When you transcribe the data below, reproduce every line exactly and leave each picture out.

------ DATASET EXTRACT ------

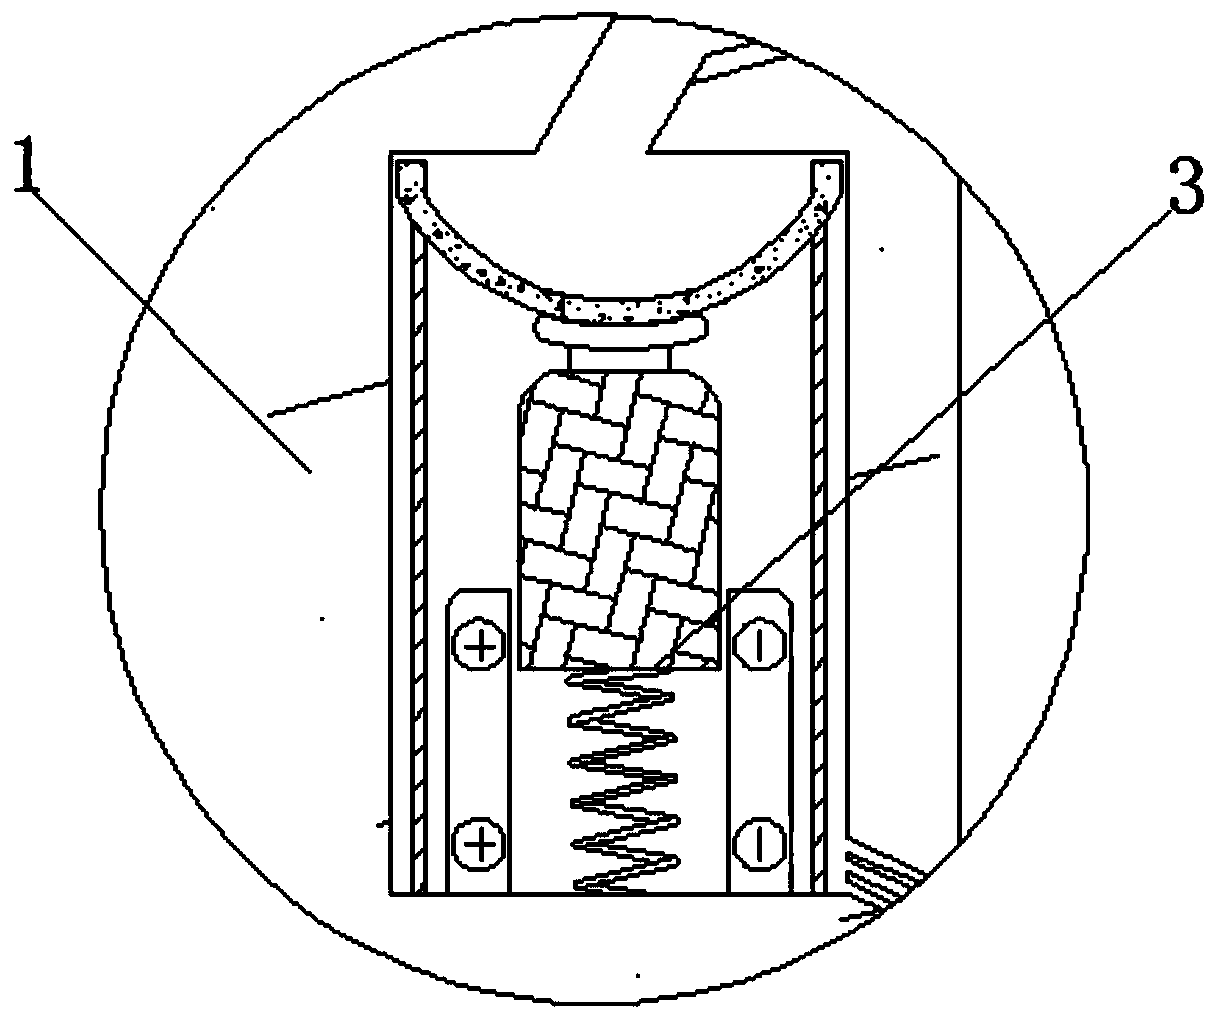 Casement window automatic closing device based on capacitance sensing
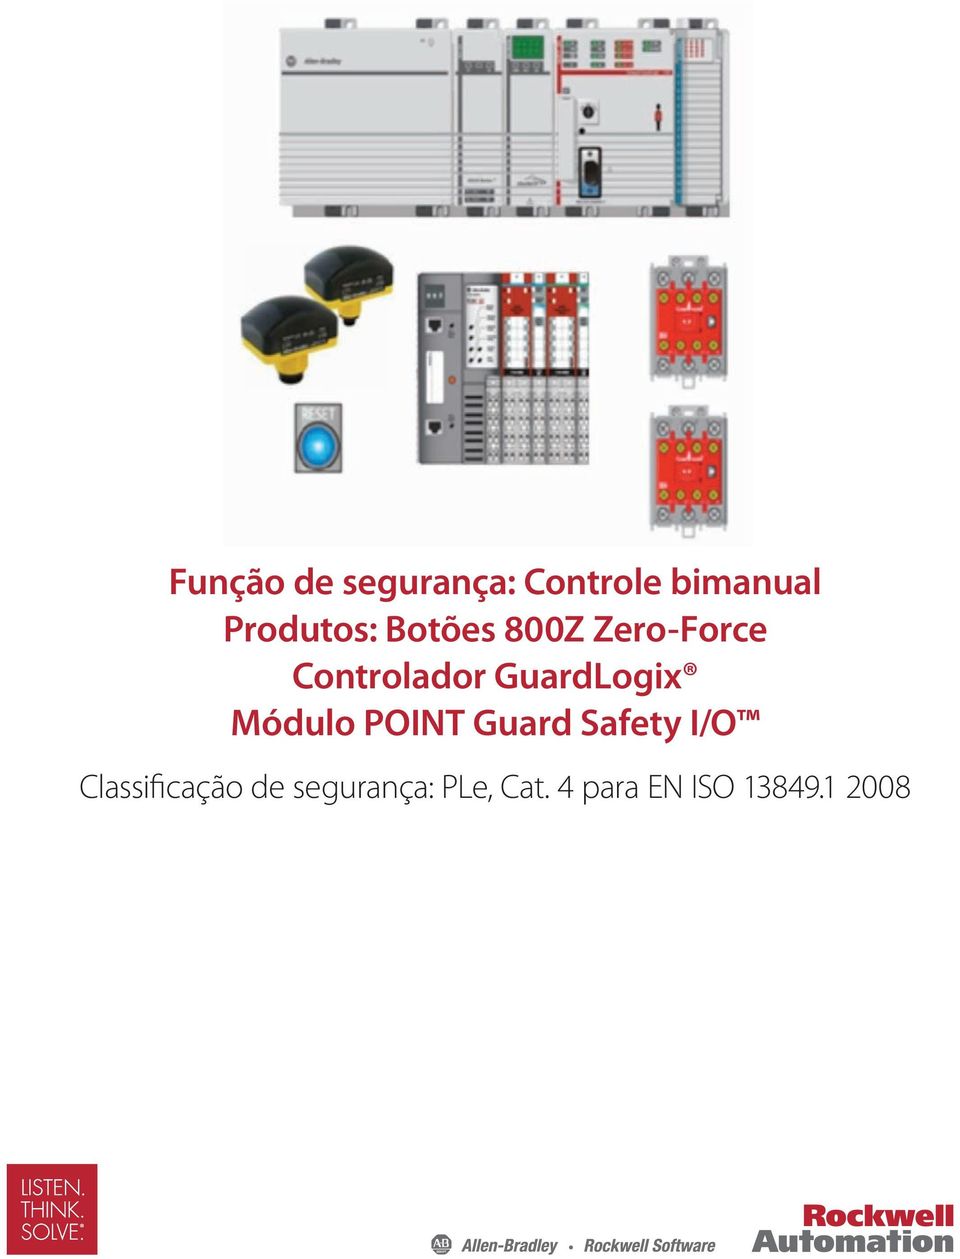 GuardLogix Módulo POINT Guard Safety I/O
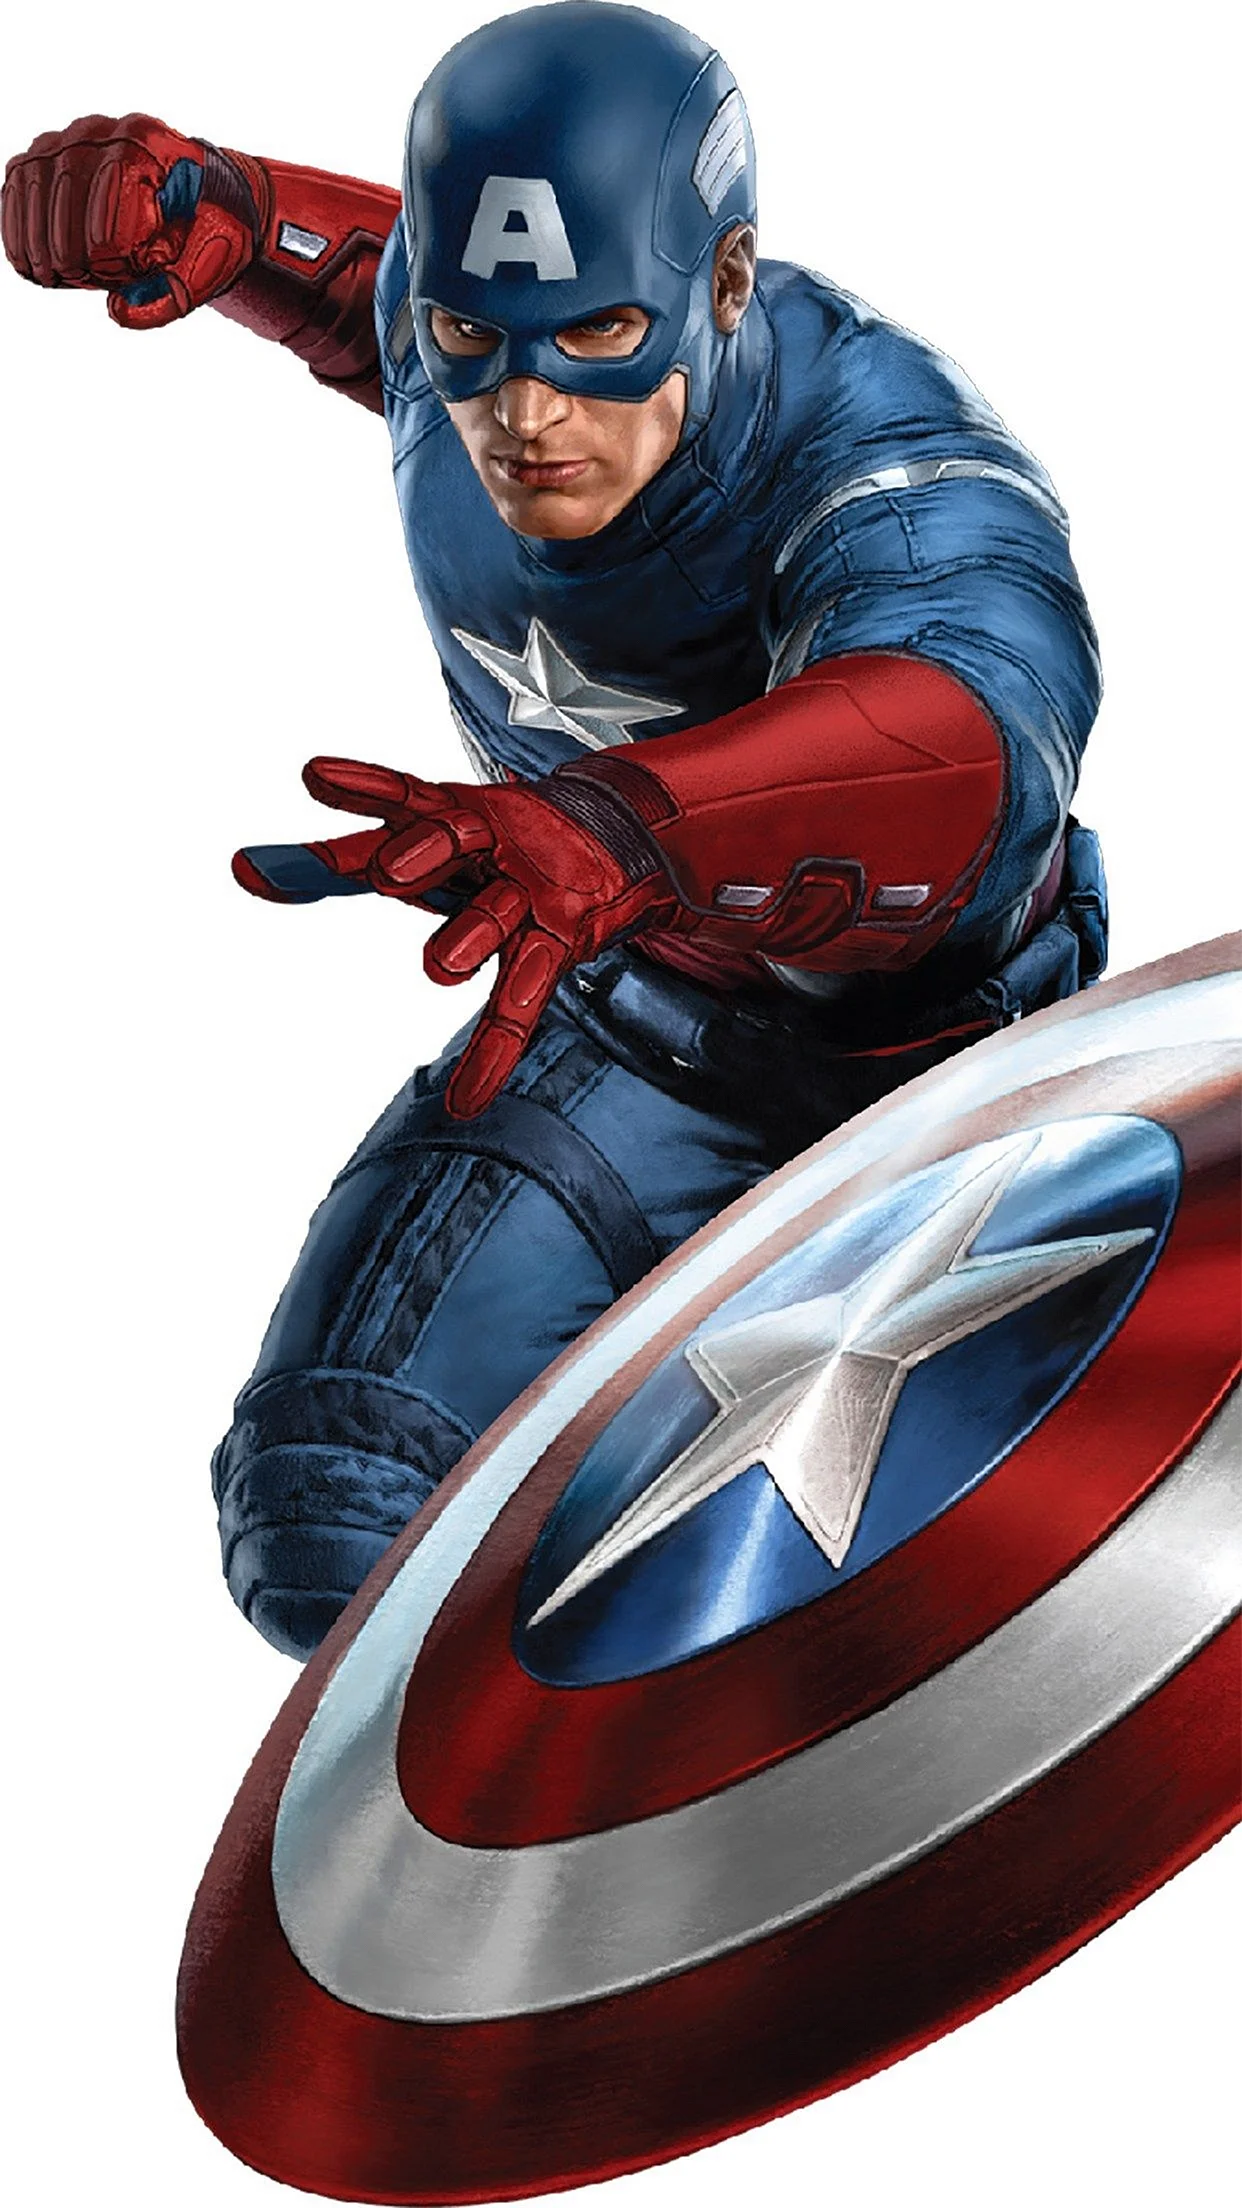 Marvel Captain America Wallpaper For iPhone

------

* _RESPONSE TO THE EXERCISE_:
 Casement window automatic closing device based on capacitance sensing
 GuardLogix Módulo POINT Guard Safety I/O
 Marvel Captain America Wallpaper For iPhone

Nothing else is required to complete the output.